Against this backdrop, a Jewish-sectarian donor–recipient matching programme cannot be perceived as anything but a segregationist, exclusionist enterprise. The Israeli transplant system’s pseudo-ethical complicity with the programme thus becomes particularly disturbing. Instead of bringing peoples together, the imperative of the hour, this complicity helps to tear them apart. While saving the lives of the few, it mirrors the murky political stream that threatens the lives of the many. If only for these reasons, it is necessary to bring an end to this complicity.
What is to be done?
In our troubled world, the risk of altruistic individual-to-individual LURD concealing sectarian (and, of course, commercial) donations is likely to rise. Perhaps it may not be avoided completely. However, the international transplant community can reduce it significantly by embracing the default fictitious-but-realistic assumption that something is bound to be wrong with unrelated donations that are directed to recipients identified through the Internet (eg matchingdonors.com), or through third-party organisations (eg Matnat Chaim). The system must reject such offers without exception, regardless of how convincing the explicit motives of the donor may sound and irrespective of how close the donor–recipient relationship may seem.
With all respect to patients on waiting lists and their caring doctors, some forms of kidney donation are utterly unacceptable: “donations” from vendors, “donations” from executed prisoners, and also conditional-divisive donations.
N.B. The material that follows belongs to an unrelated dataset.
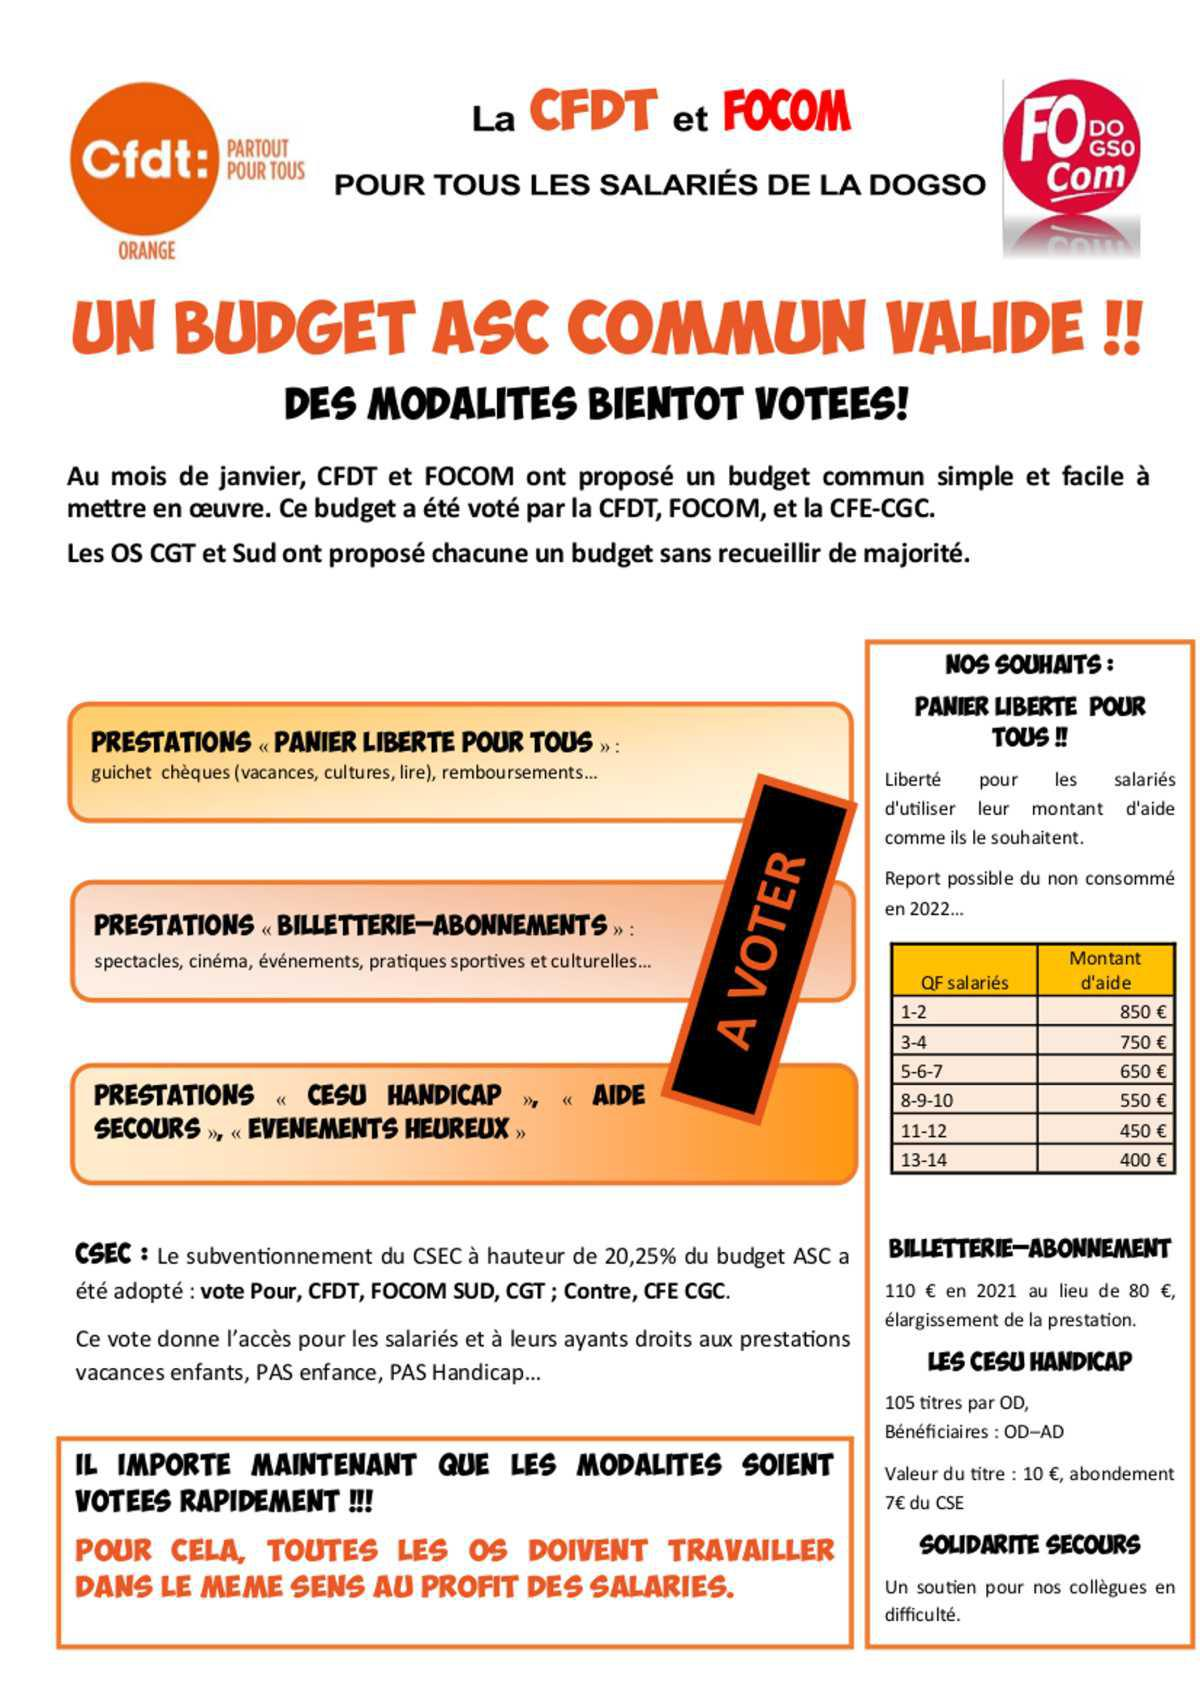 Budget ASC 2021 validé

The Israeli nationalist trend and the complicity of the local and other systems therewith must stop at once. Israel has done a lot in recent years to combat organ trafficking and transplant tourism, phenomena that were once pervasive in the country. It does not need another scandal to undermine its commendable achievements. Nor does its deeply divided society need it. Nor do Jews worldwide need it. Sectarianism and exclusion have caused them enough suffering.